Zunächst aber gilt es herauszufinden, was in Kairo am dringlichsten benötigt wird. Bereits Mitte Mai kamen hierfür ägyptische Restauratoren, Bauexperten und Kuratoren zu Gesprächen nach Berlin, und demnächst werden Berliner Museumskollegen gemeinsam mit Experten vom BBR in entgegengesetzte Richtung reisen.

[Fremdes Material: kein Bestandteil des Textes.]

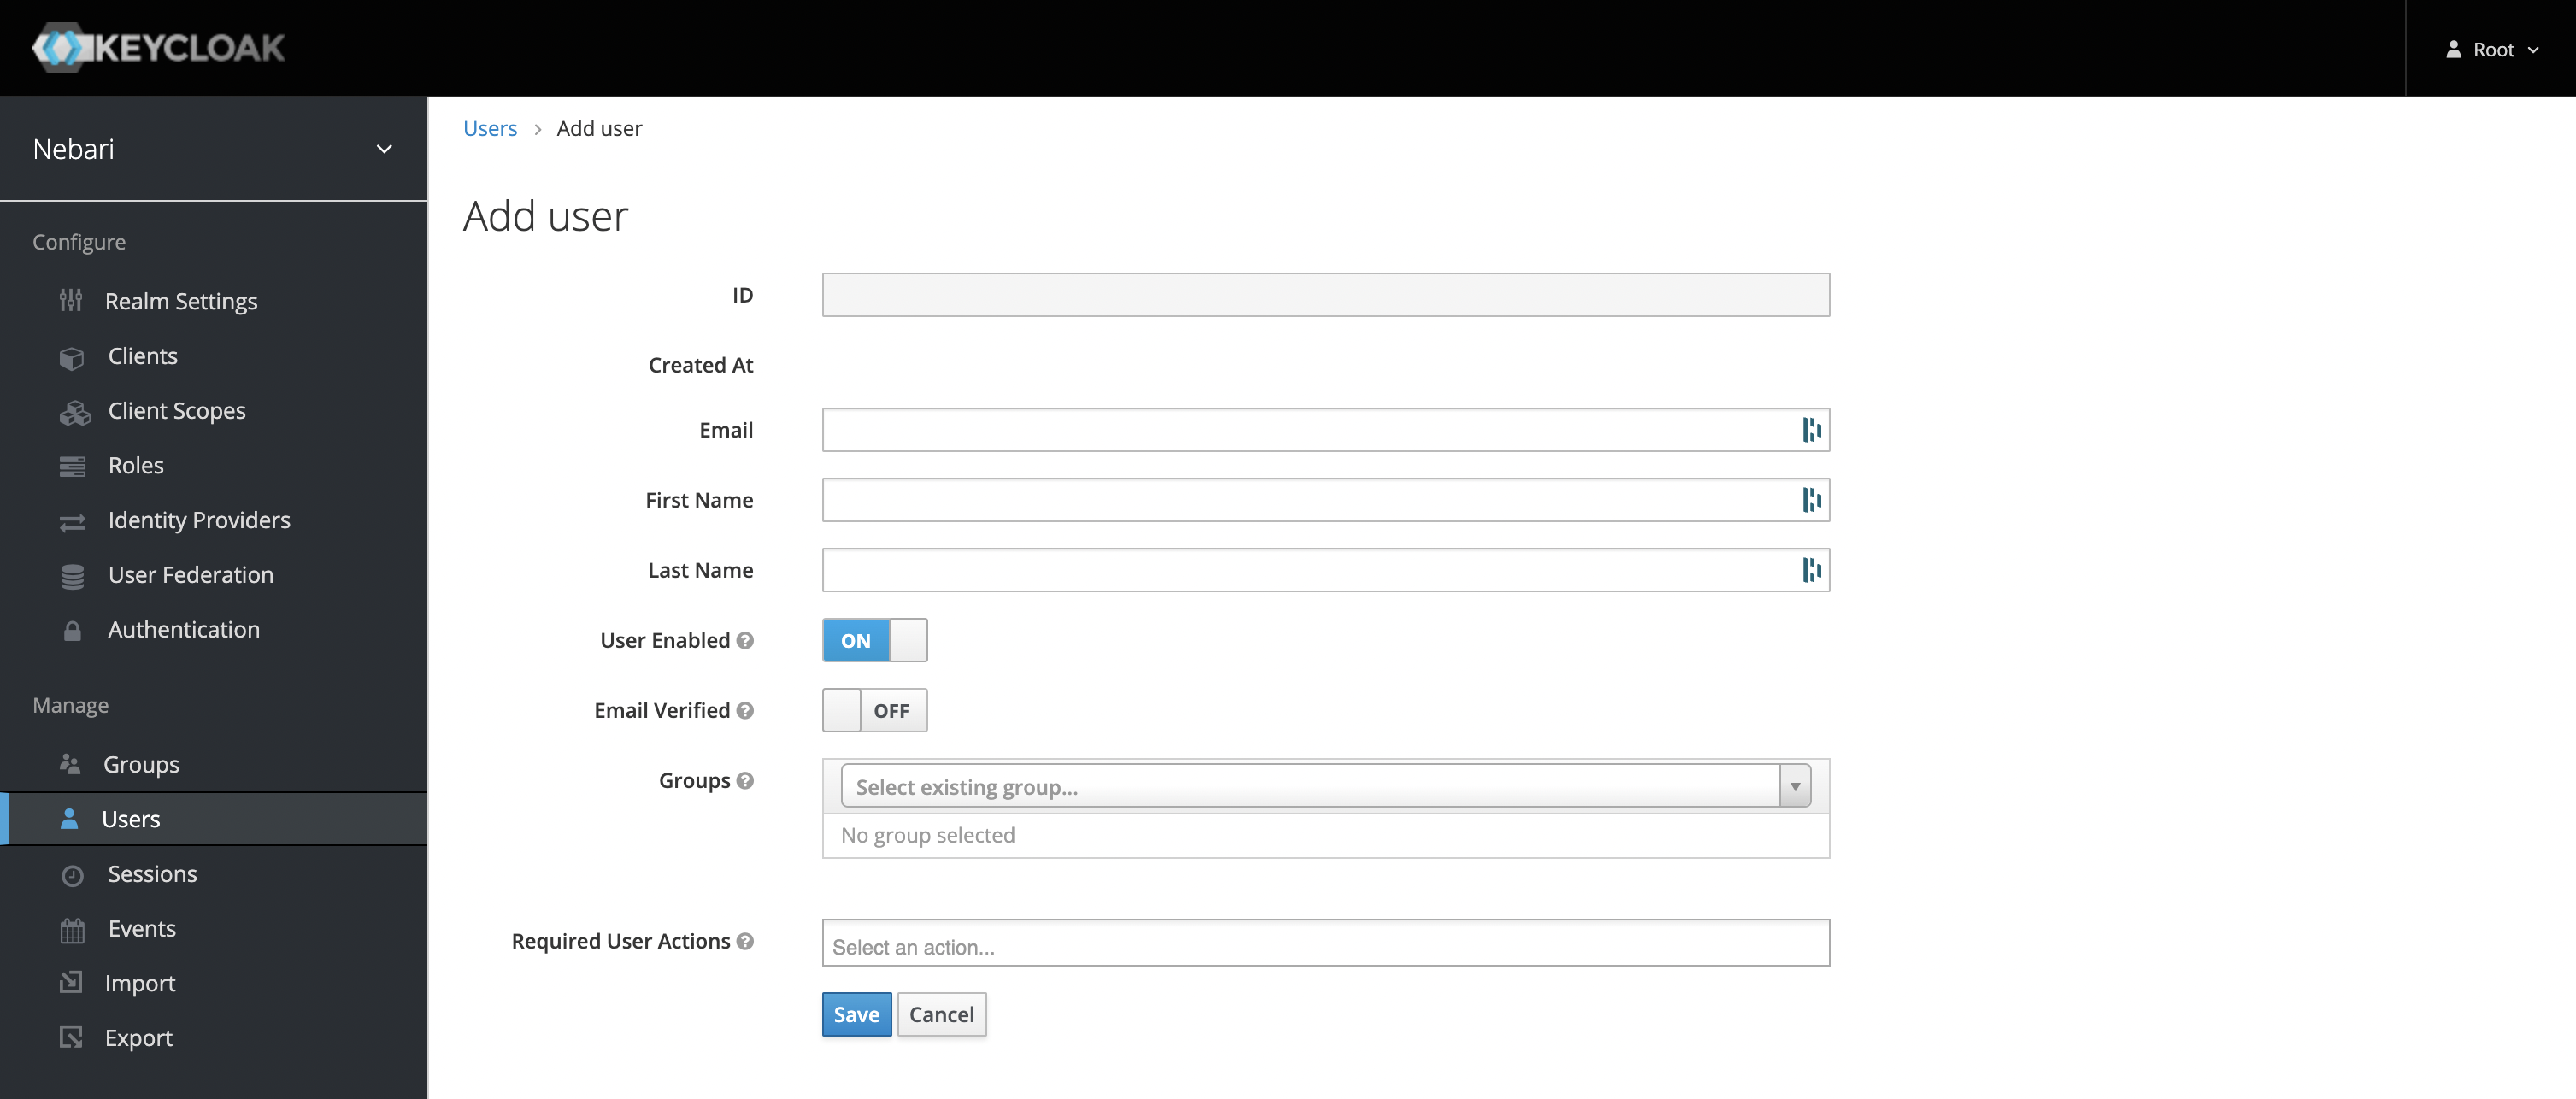 Keycloak add user tab screenshot - new user form
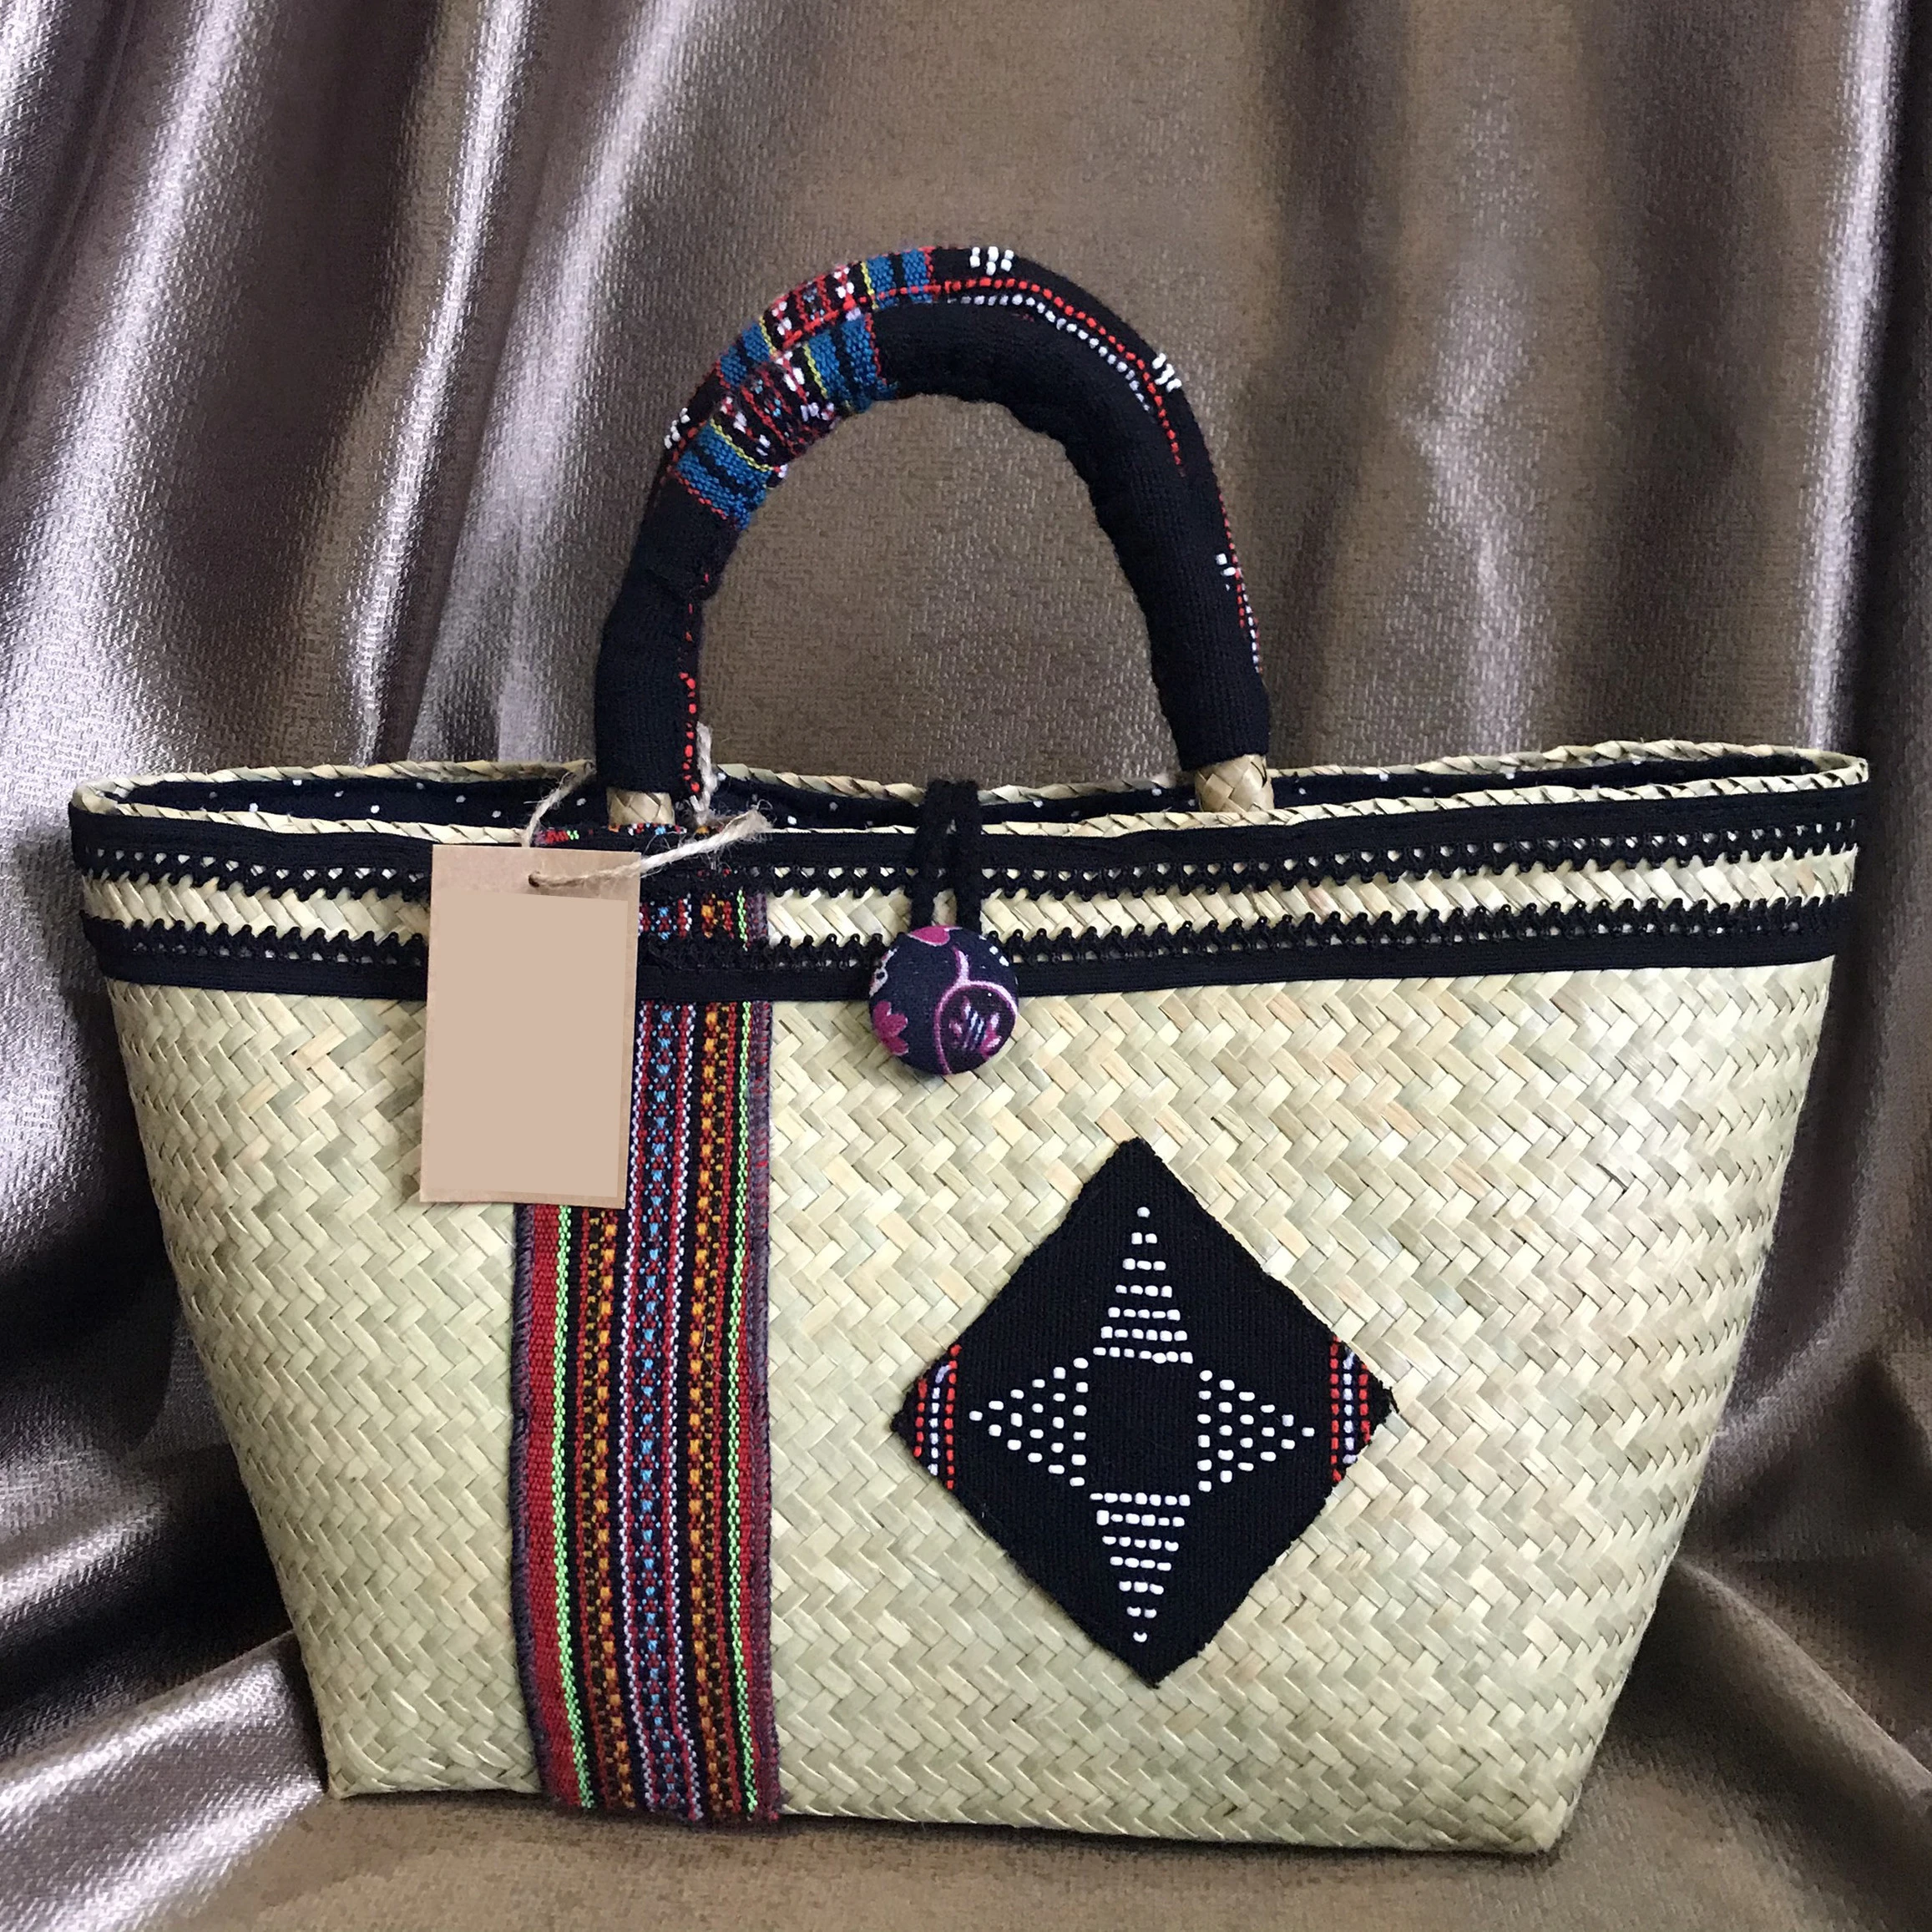 New design sedge handbag on sale 77

Doch wenn die Veränderungen am Ägyptischen Museum in Kairo wirklich zukunftsweisend sein wollen, dann braucht es ganz sicher mehr als nur schnelle und gut sichtbare Veränderungen. Friederike Seyfried jedenfalls hat langfristige Ziele: „Letztlich braucht das Haus eine Grundsanierung. Aber wenn man daraus einen realisierbaren Plan machen möchte, dann muss man sich zunächst Gedanken über Zeitraum und Finanzierung machen.“ Im Moment könne man bestenfalls eine grobe Schätzung abgeben.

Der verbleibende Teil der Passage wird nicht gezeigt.